Project 12: Digital Theremin

Build a touchless digital theremin that uses capacitive sensing for pitch/volume and generates real-time audio.

Quick Reference

Attribute Value
Difficulty Level 3: Advanced
Time Estimate 2-3 weeks
Main Programming Language C
Alternative Programming Languages MicroPython
Coolness Level Level 4: Musical Magic
Business Potential 3. The “Interactive Art” Tier
Prerequisites ADC basics, PWM, signal timing
Key Topics Capacitive sensing, audio synthesis, PWM/DAC output

1. Learning Objectives

By completing this project, you will:

  1. Implement capacitive sensing using RC timing.
  2. Convert sensor values to pitch and volume.
  3. Generate audio waveforms in real time.
  4. Output audio via PWM or DAC with filtering.
  5. Smooth jitter to produce stable tones.

2. All Theory Needed (Per-Concept Breakdown)

2.1 Capacitive Sensing with RC Timing

Fundamentals

Capacitive sensing measures changes in capacitance caused by a nearby hand. An RC circuit’s time constant changes with capacitance, allowing you to measure proximity by timing how long it takes to charge or discharge.
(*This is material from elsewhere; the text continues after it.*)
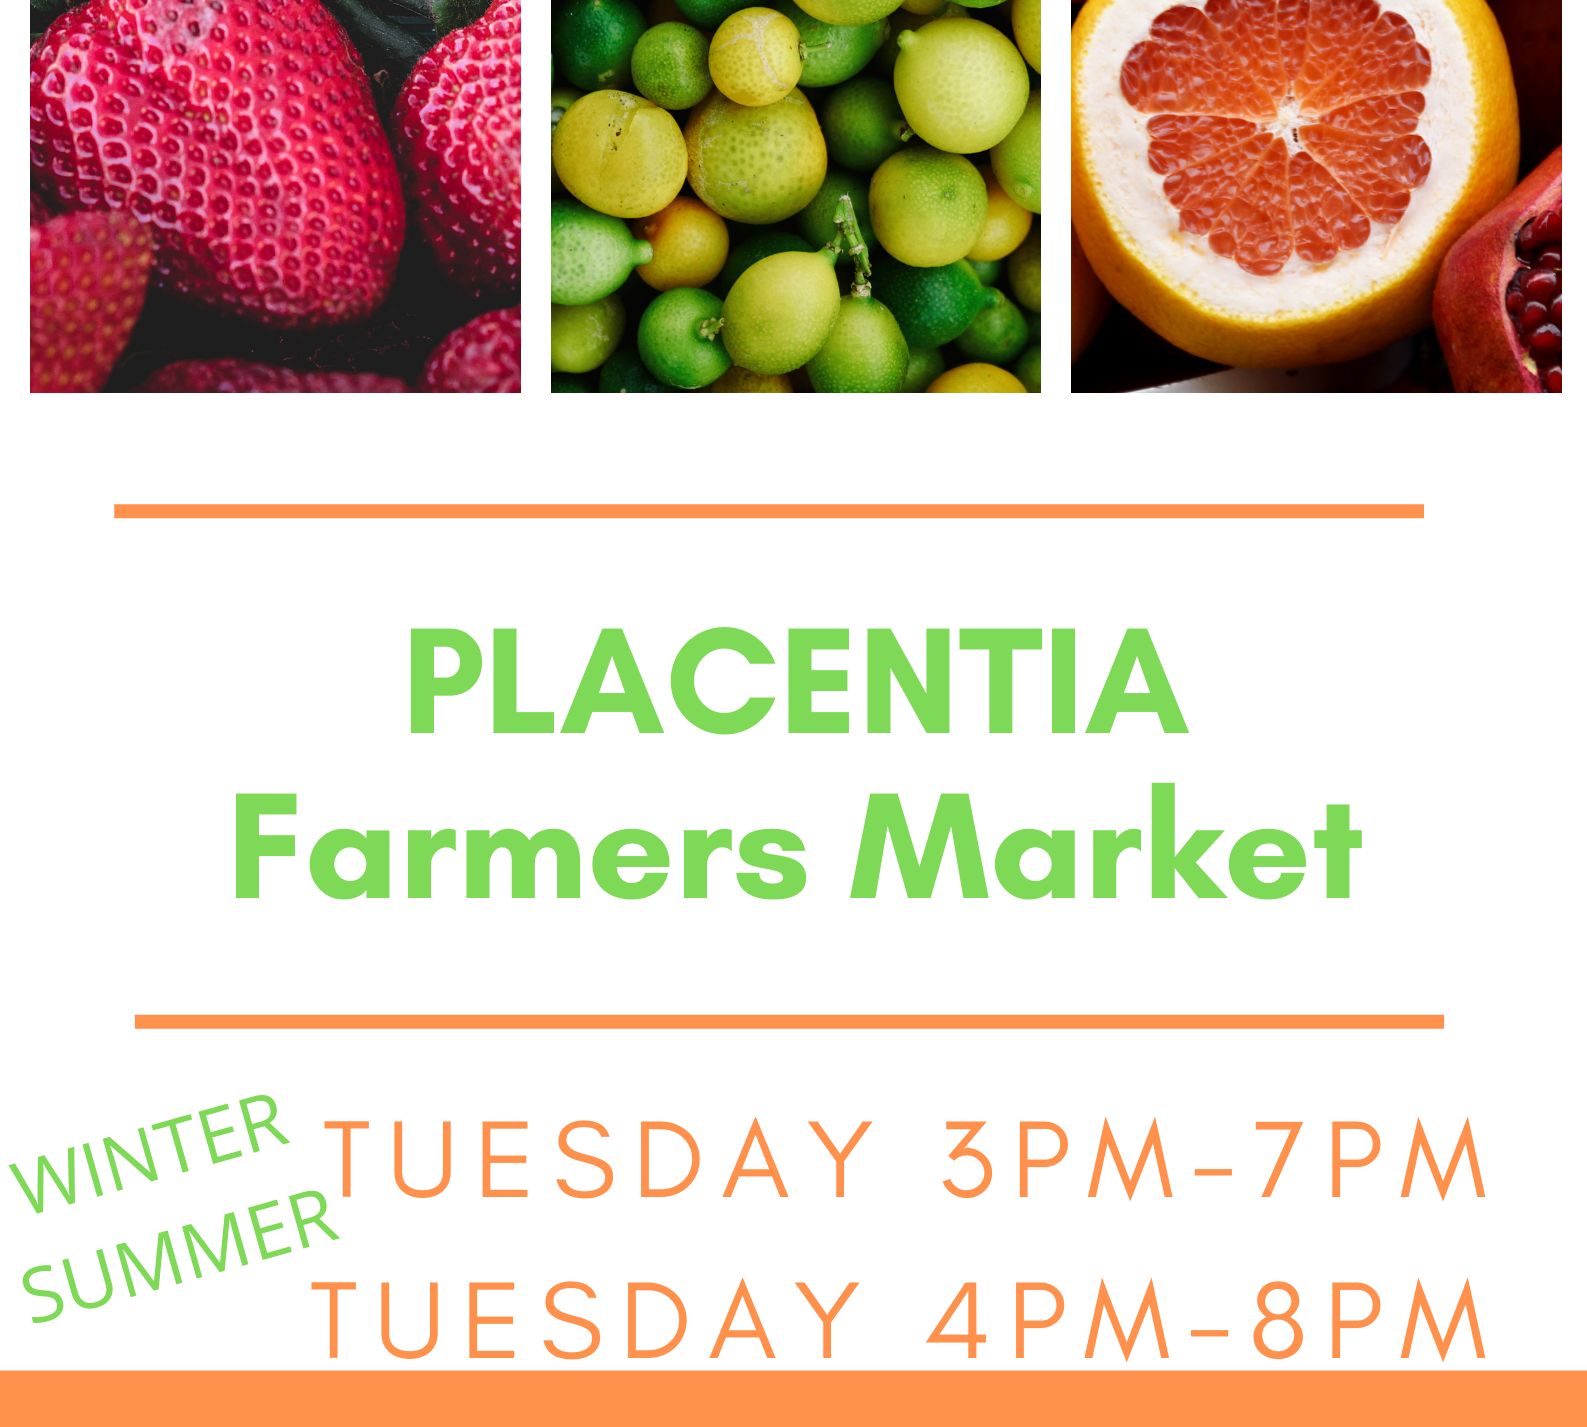 Placentia Farmers Market
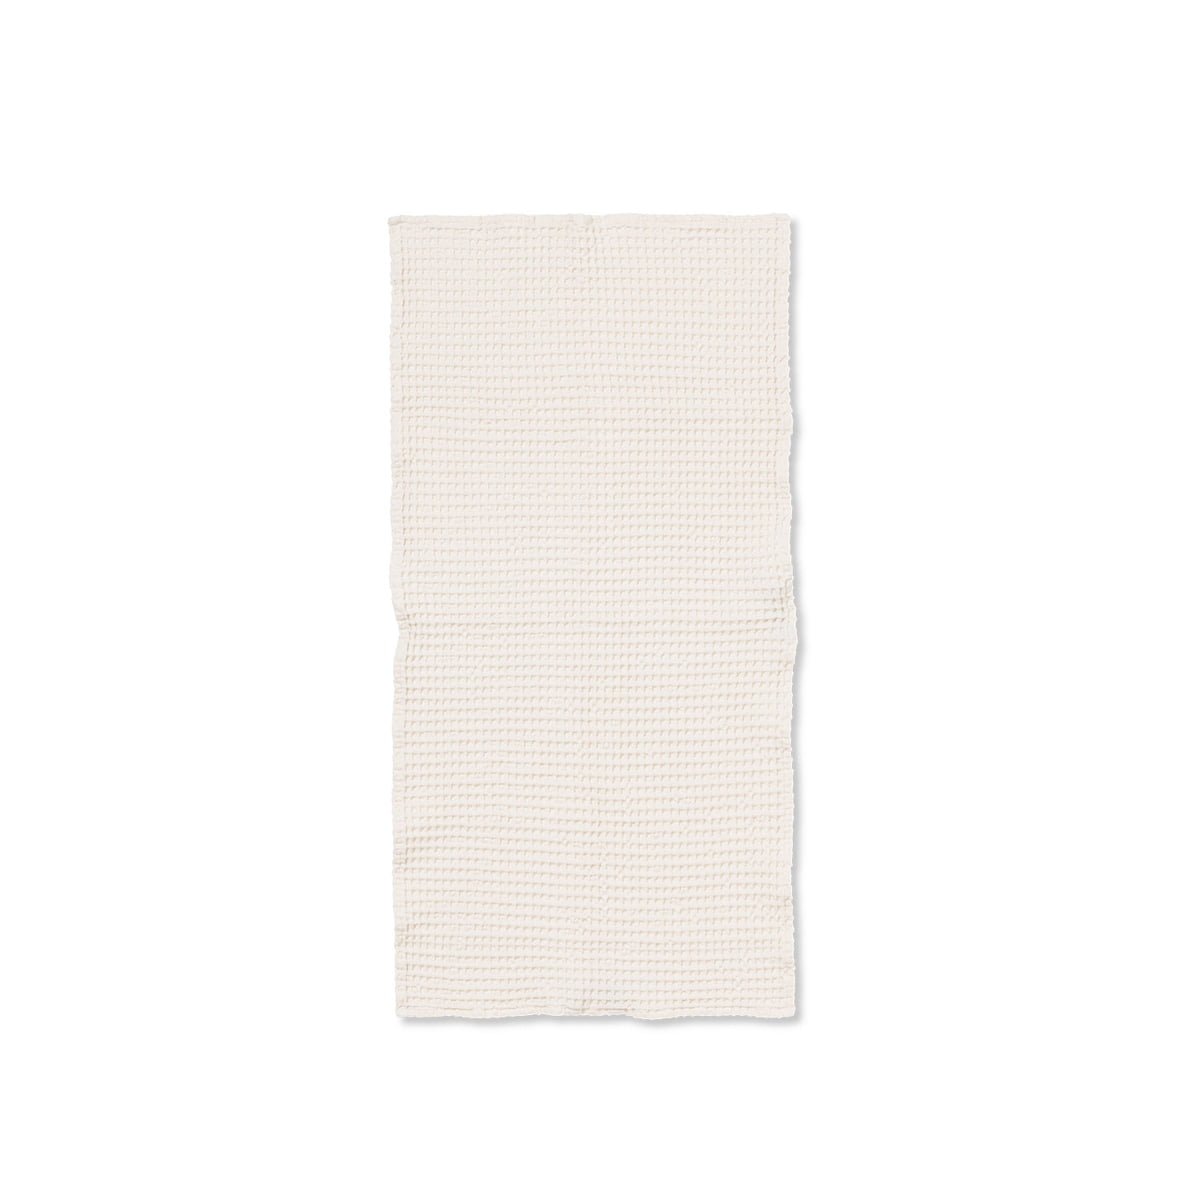 ferm living - organic serviette de bain, 100 x 50 cm, blanc

Deep Dive into the concept

A simple capacitive sensor uses a resistor and a conductive pad. The pad’s capacitance increases when a hand approaches, slowing the charge time. You can measure this by toggling a GPIO pin and timing how long it takes for another pin to reach a threshold. The RP2040 can do this with precise timers or PIO. Noise is a major challenge: environmental changes, humidity, and body coupling affect readings. You must calibrate a baseline at startup and apply filtering to smooth jitter. The sensor should be stable but responsive; typical update rates are 50-200 Hz. Shielding and stable wiring improve results. This project uses two sensors (pitch and volume), so you must ensure they do not interfere with each other.

How this fits on projects

Capacitive sensing drives §3.2 requirements and §5.10 Phase 1.

Definitions & key terms

  • RC time constant -> R * C, controls charge rate
  • Baseline -> reference value for no hand present
  • Threshold -> point at which a voltage is considered “charged”

Mental model diagram (ASCII)

GPIO -> [R] -> Sensor Pad -> GND
         ^ measure charge time

How it works (step-by-step)

  1. Discharge sensor pad.
  2. Start timing and charge through resistor.
  3. Detect when input crosses threshold.
  4. Map time to distance.

Minimal concrete example

gpio_put(drive, 1);
uint32_t t = time_us_32();
while (!gpio_get(sense)) {}
uint32_t dt = time_us_32() - t;

Common misconceptions

  • “Capacitive sensing is precise” -> it’s noisy and environment-dependent.
  • “No calibration needed” -> baseline drift is significant.

Check-your-understanding questions

  1. Why does capacitance affect charge time?
  2. How do you calibrate a baseline?
  3. What causes jitter in readings?

Check-your-understanding answers

  1. More capacitance increases RC time constant.
  2. Sample initial readings and set as reference.
  3. Environmental noise, EMI, and hand movement.

Real-world applications

  • Touchless controls, touchpads, proximity sensors.

Where you’ll apply it

References

  • Capacitive sensing app notes

Key insights

Capacitive sensing is timing-based and must be filtered for stability.

Summary

Measure RC charge time and apply calibration to sense proximity.

Homework/Exercises to practice the concept

  1. Measure baseline charge time in different rooms.
  2. Compare different resistor values for sensitivity.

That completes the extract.